Work item>
Within the listing below, the lines to output run from the one containing "camera plus app tutorial" through the one containing "Ana De Armas"; copy them exactly and nothing else.
▬▬▬
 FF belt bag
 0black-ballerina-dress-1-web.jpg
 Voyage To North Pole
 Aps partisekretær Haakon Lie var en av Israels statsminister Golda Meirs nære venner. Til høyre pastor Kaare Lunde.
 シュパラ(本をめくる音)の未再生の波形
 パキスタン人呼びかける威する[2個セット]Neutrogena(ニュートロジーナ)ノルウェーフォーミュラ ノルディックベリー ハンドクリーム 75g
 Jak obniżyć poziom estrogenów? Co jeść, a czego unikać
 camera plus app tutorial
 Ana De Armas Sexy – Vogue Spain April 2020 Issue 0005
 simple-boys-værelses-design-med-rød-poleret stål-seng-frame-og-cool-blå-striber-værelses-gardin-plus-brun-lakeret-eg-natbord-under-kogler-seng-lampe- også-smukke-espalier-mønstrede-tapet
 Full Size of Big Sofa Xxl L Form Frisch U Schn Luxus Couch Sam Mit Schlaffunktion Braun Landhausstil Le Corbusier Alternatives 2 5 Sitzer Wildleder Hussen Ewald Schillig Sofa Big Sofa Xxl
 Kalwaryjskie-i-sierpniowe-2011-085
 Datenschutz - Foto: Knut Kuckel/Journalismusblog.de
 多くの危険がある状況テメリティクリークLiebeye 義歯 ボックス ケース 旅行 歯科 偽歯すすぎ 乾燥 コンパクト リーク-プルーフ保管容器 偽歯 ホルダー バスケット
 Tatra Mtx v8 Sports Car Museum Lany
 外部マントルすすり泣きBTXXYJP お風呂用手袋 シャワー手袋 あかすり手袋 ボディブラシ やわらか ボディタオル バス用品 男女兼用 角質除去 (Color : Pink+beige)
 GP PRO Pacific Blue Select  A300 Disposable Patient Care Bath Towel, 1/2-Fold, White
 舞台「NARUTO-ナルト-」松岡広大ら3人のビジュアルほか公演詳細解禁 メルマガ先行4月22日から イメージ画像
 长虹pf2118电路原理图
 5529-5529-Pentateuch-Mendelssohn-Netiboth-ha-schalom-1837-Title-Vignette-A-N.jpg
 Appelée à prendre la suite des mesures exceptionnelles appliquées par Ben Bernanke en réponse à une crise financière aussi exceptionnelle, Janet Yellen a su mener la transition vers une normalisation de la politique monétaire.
▬▬▬
Output below>
 camera plus app tutorial
 Ana De Armas Sexy – Vogue Spain April 2020 Issue 0005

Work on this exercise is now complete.